The video to which you provided the link is very good.  I had watched others by the same presenter.

"too complicated for my use as it needed recursion"

I try to avoid recursion where possible but it can be valuable, especially when it is not possible to predict in advance how many steps will be needed.  I have a non-recursive version of the convolution but it is no simpler.

"and a lot of defined names",  I have avoided direct cell referencing for the past 8 years, preferring instead to use names both for identifying ranges and to define formulas for evaluation.  There are plusses, I no longer need to use relative references, so a formula will evaluate to the same result wherever I place it, and I no longer need to worry about following precedents to help decode a formula.

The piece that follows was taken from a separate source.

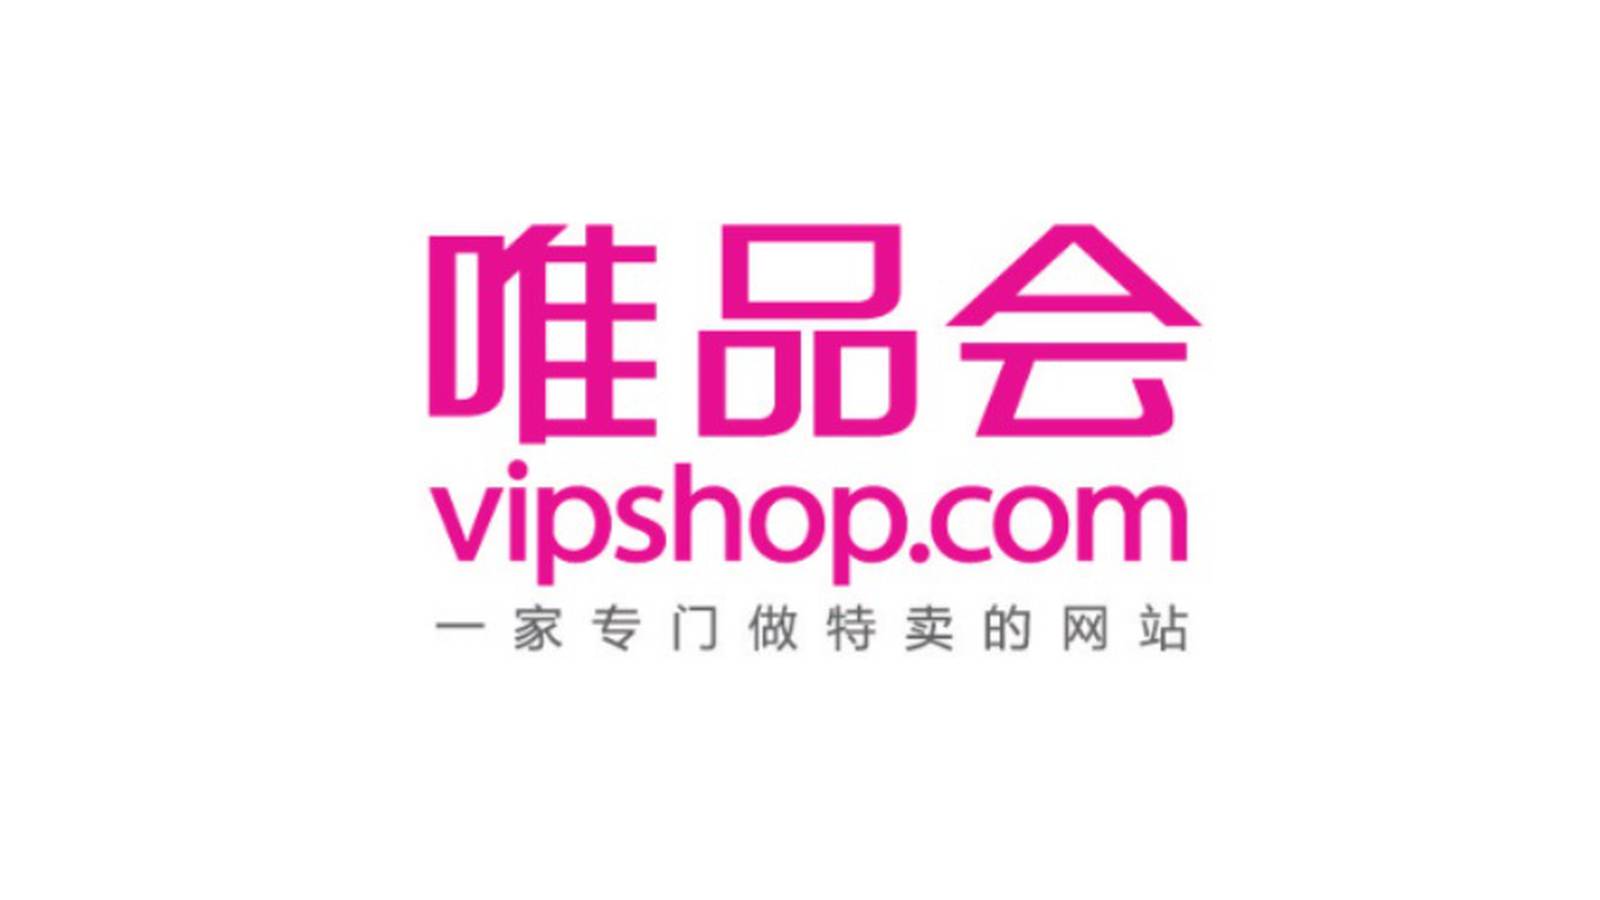 Chinese Flash Sales Platform Vipshop Sees Q2 Net Profit Up 11.3% | BoF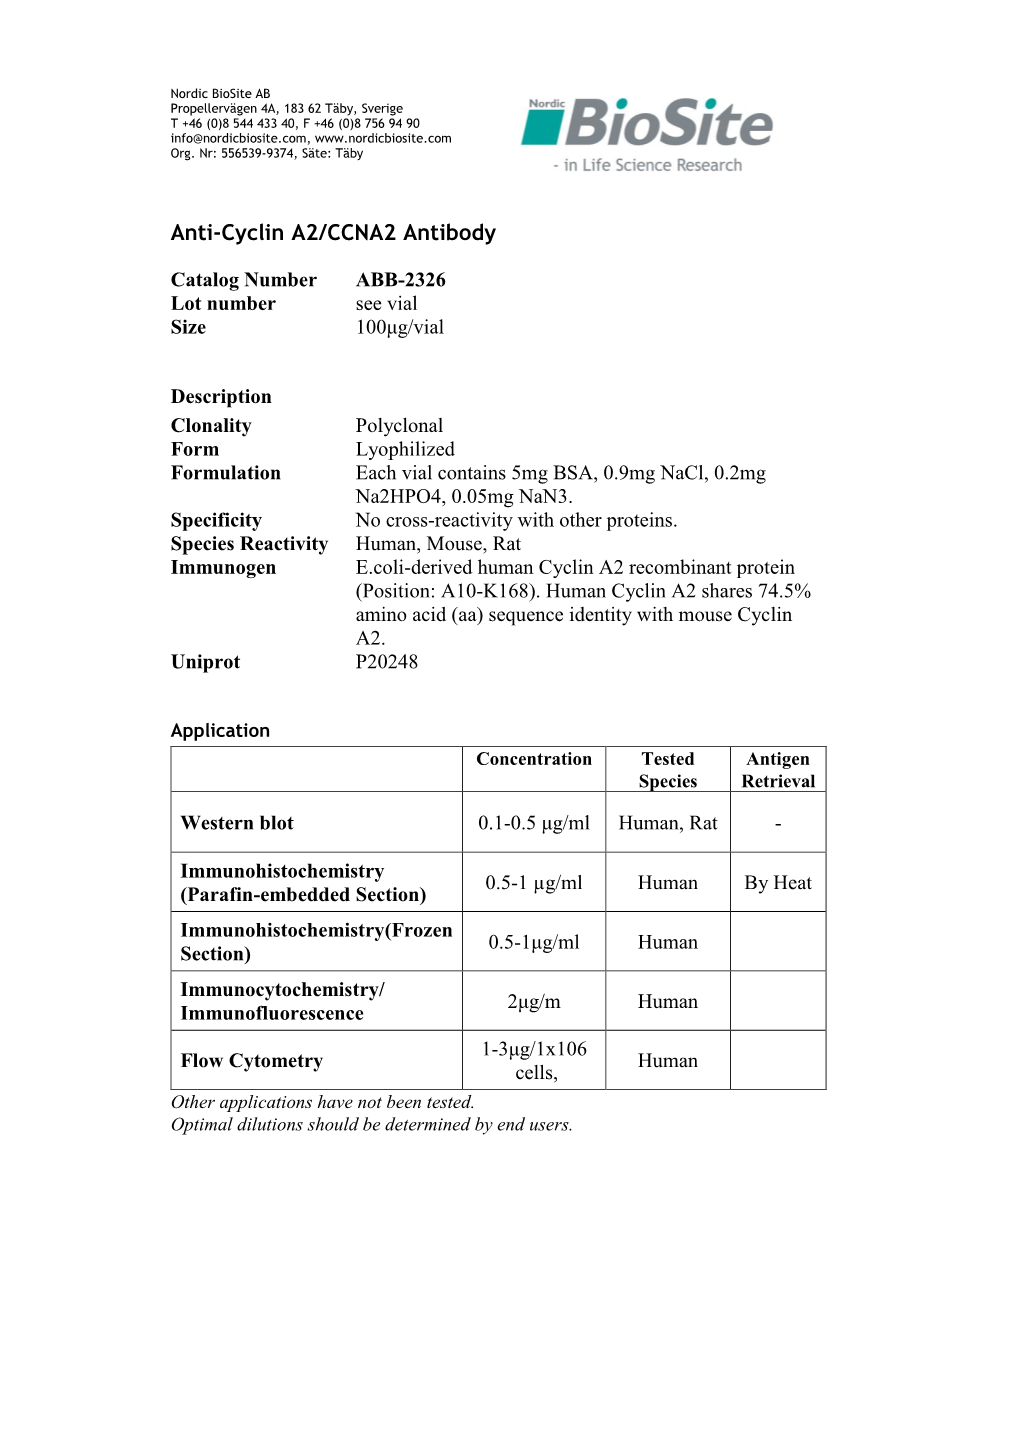 Anti-Cyclin A2/CCNA2 Antibody

"so I went for my own solution which involved offsetting the vector while the kernel stays which is the opposite of what is shown in the video"  One learns more by going one's own way!  The convolution has an inherent symmetry allowing the role of the value array and the kernel to be reversed.

I did try using INDEX in place of OFFSET in case the input range was being dereferenced to produce an array rather than a reference but without success.  Sorry about that.

An advantage of Lambda functions is that they are not as difficult to deploy as they are to develop!   The first file attached has links to the theoretical basis, which is interesting but something of a nightmare nonetheless.  I also applied the Convolve function to a ModelOff problem recently, as presented by @Diarmuid Early .  The links to his problem solution show how traditional techniques may be used, especially if you are a World-class Excel modeller!